## What the task requires
All that is wanted is the exact text of the lines below from the one with "Precision Component Manufacturers" through the one with "grandes civilisations mediterraneennes", inclusive, minus any pictures.

═══ Provided data

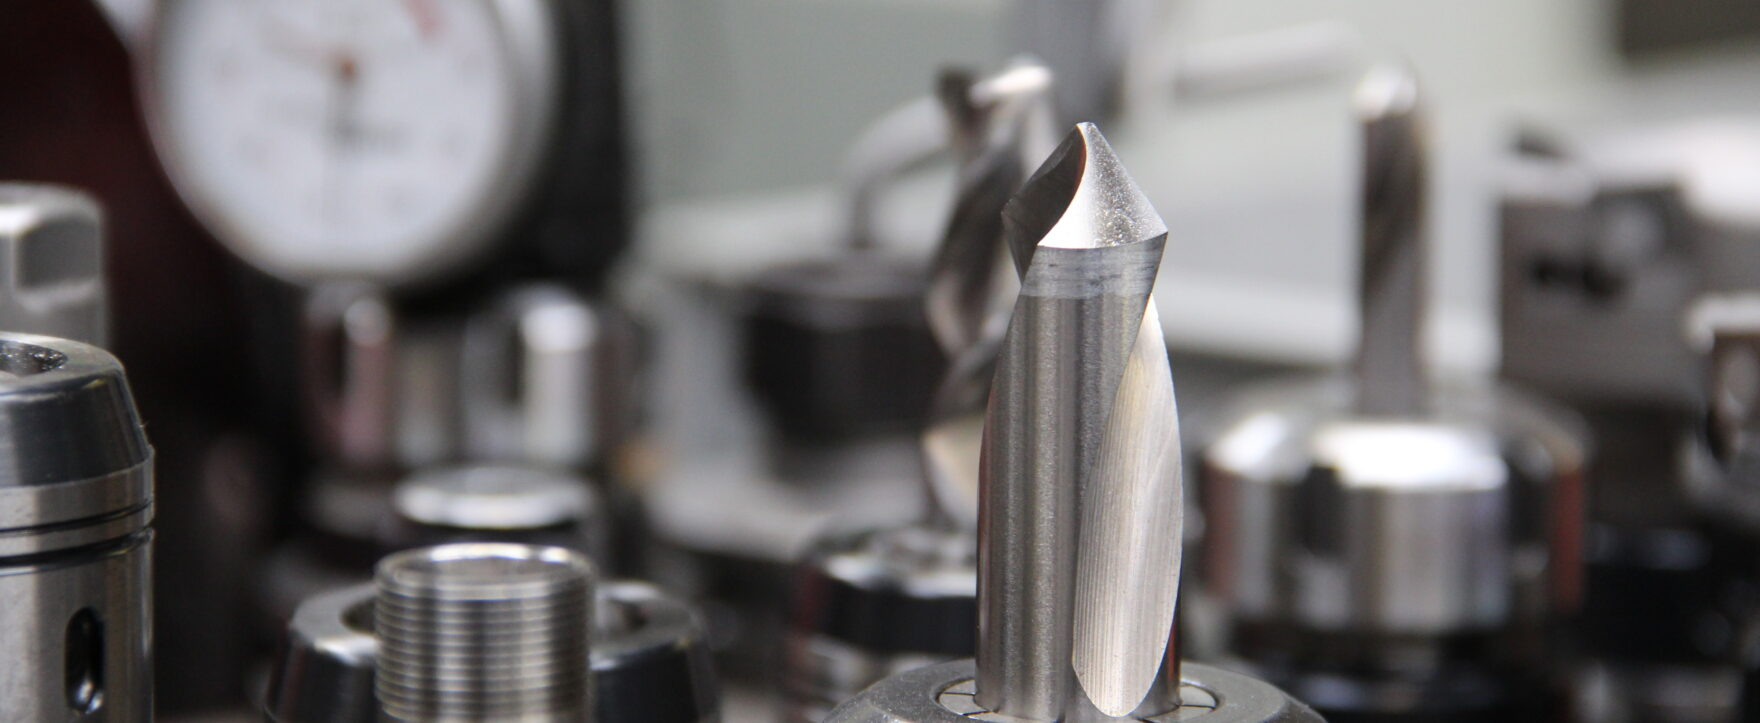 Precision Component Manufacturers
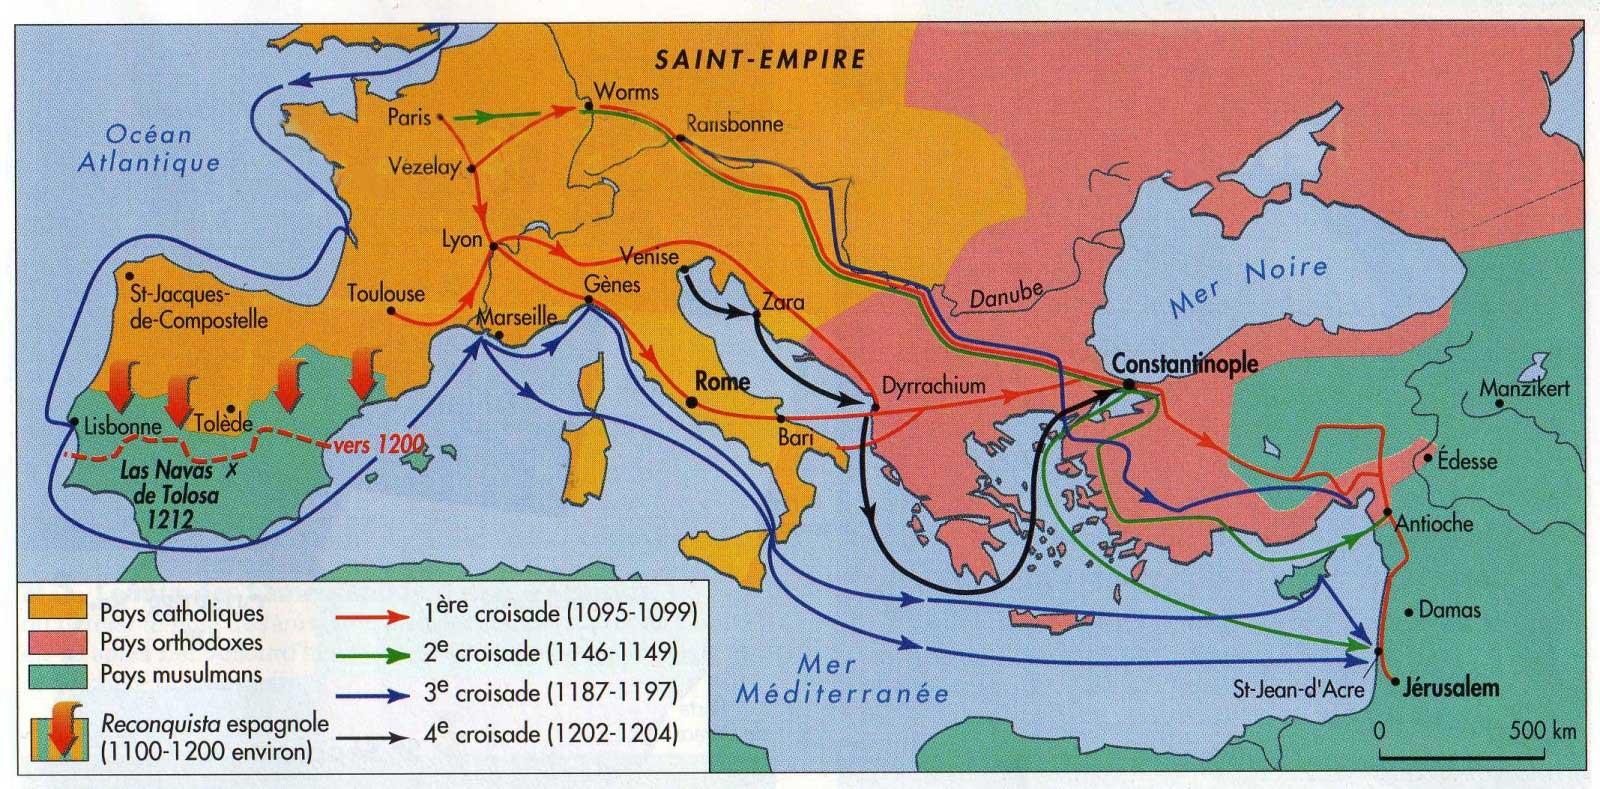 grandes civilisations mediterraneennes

══════
═══ Provided data

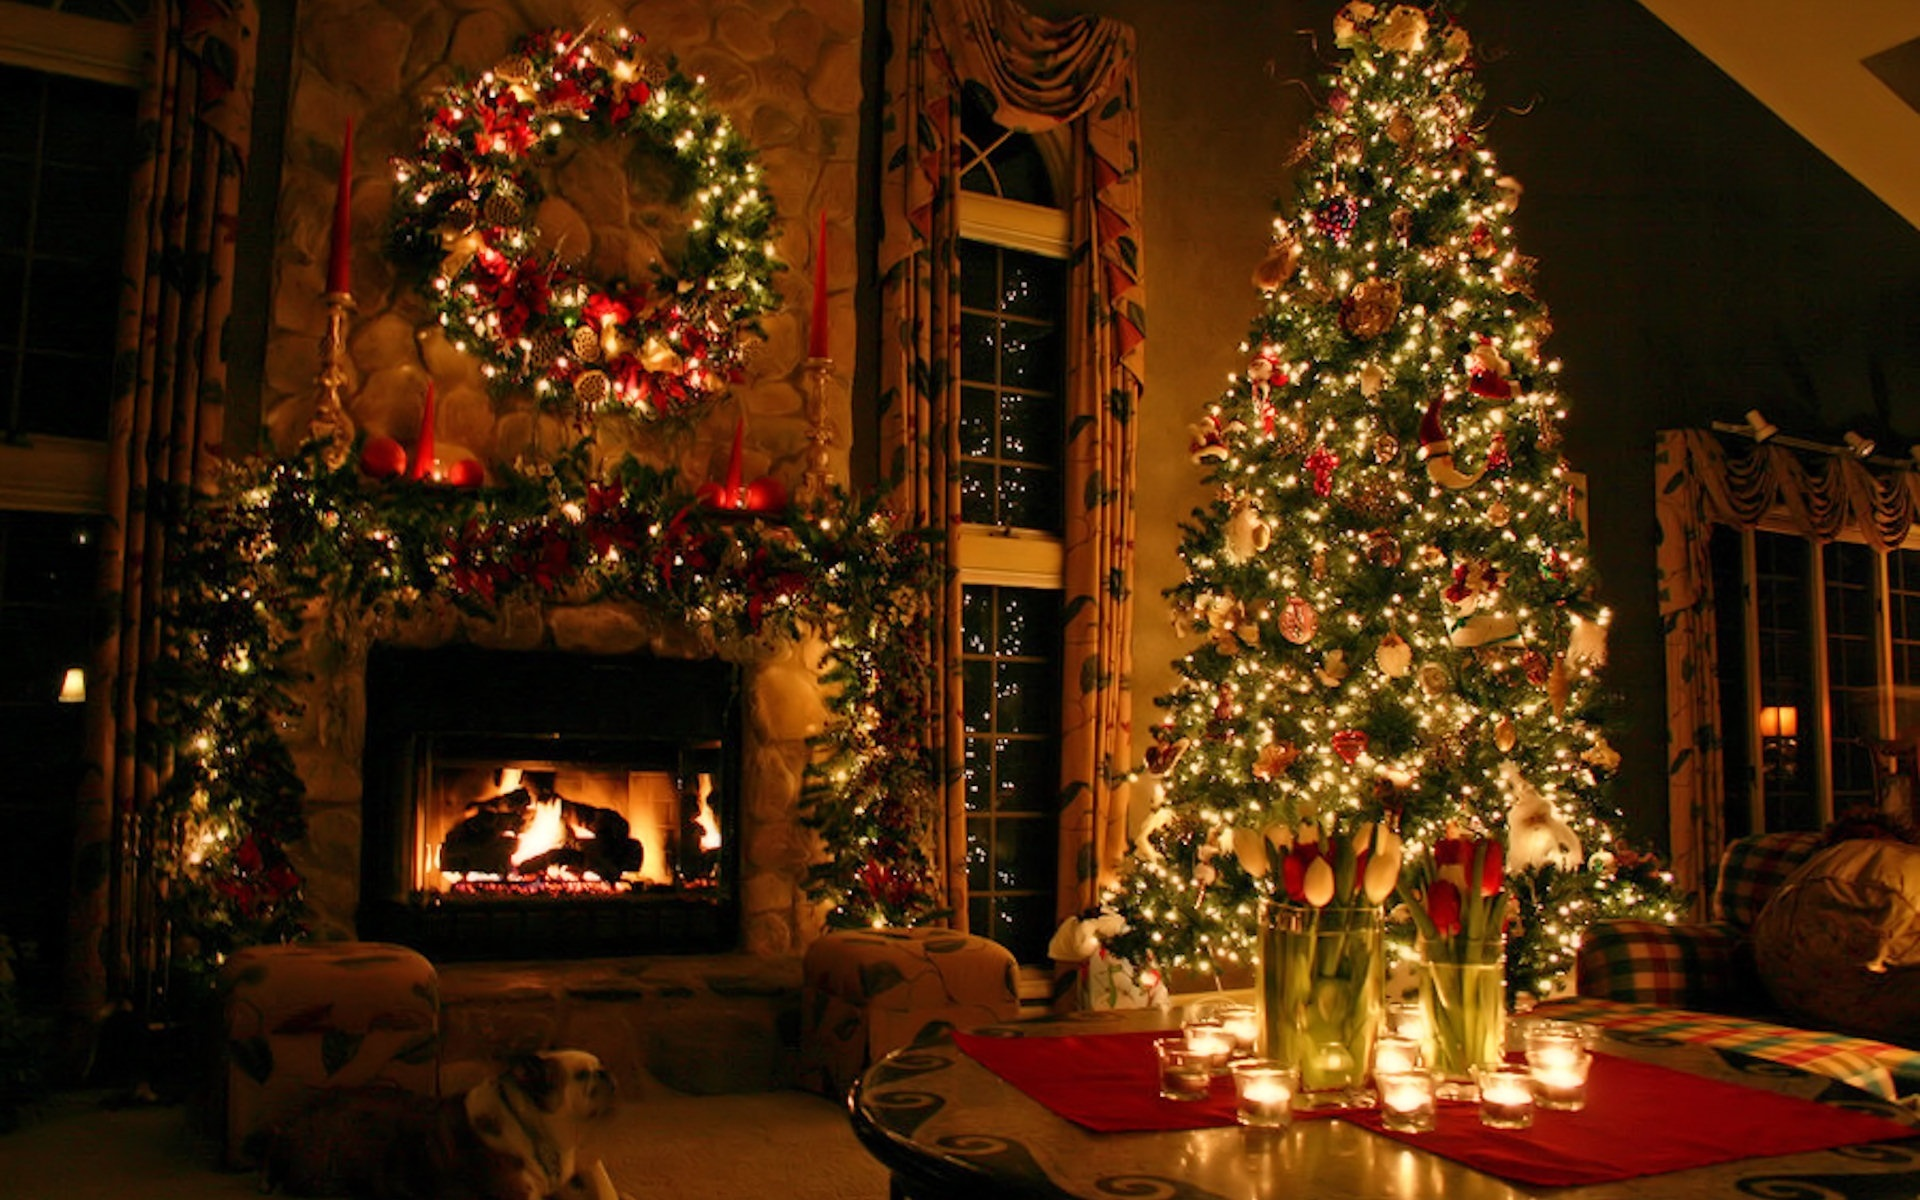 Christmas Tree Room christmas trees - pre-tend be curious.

══════
═══ Provided data

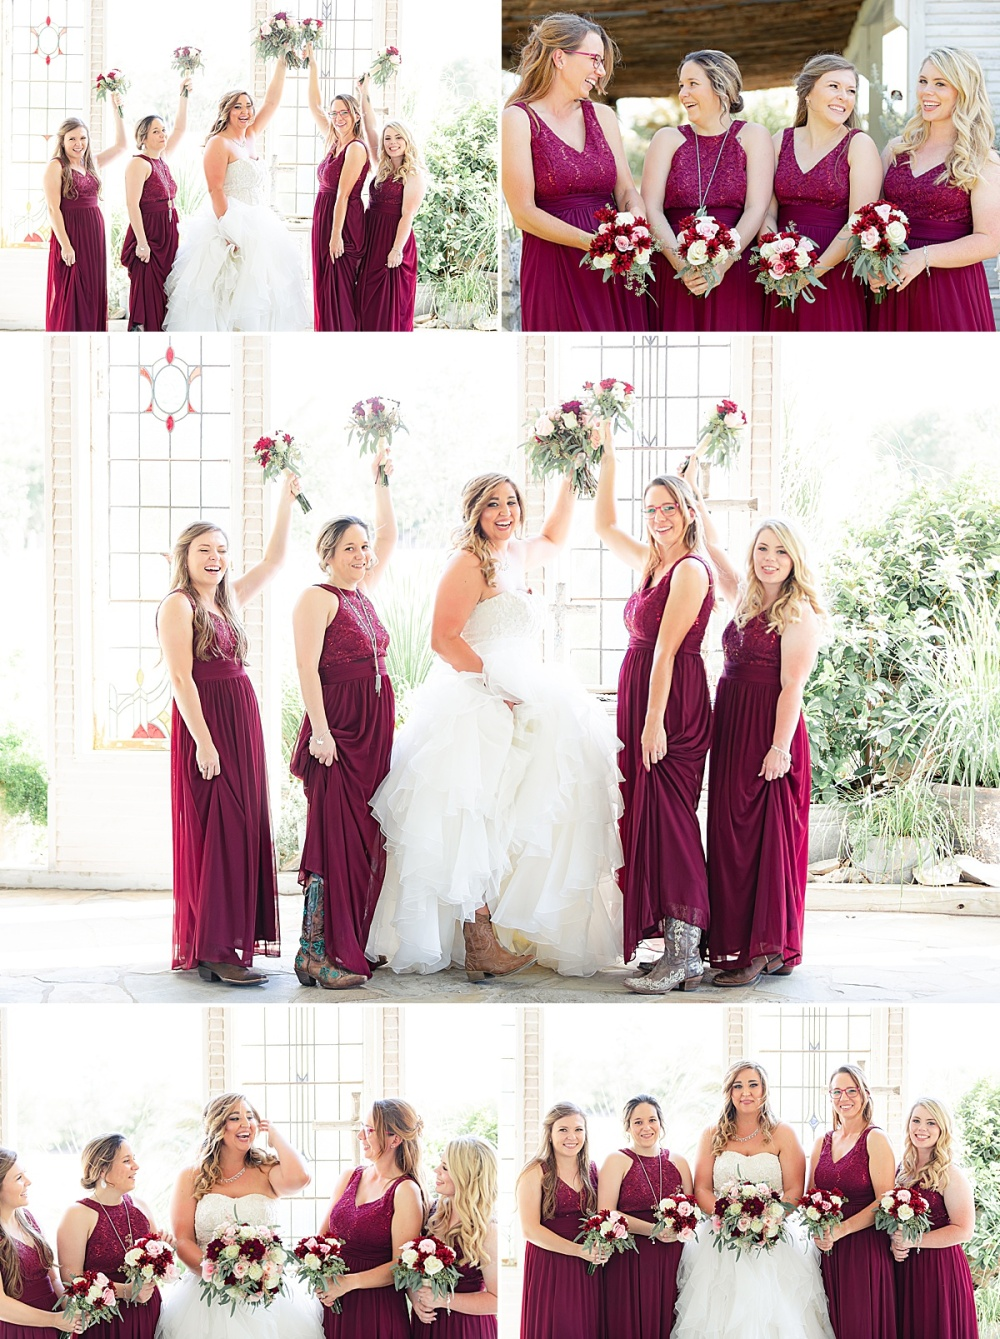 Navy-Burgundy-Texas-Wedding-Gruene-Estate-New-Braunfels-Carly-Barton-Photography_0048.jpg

══════

## Exercise response
 Precision Component Manufacturers
 grandes civilisations mediterraneennes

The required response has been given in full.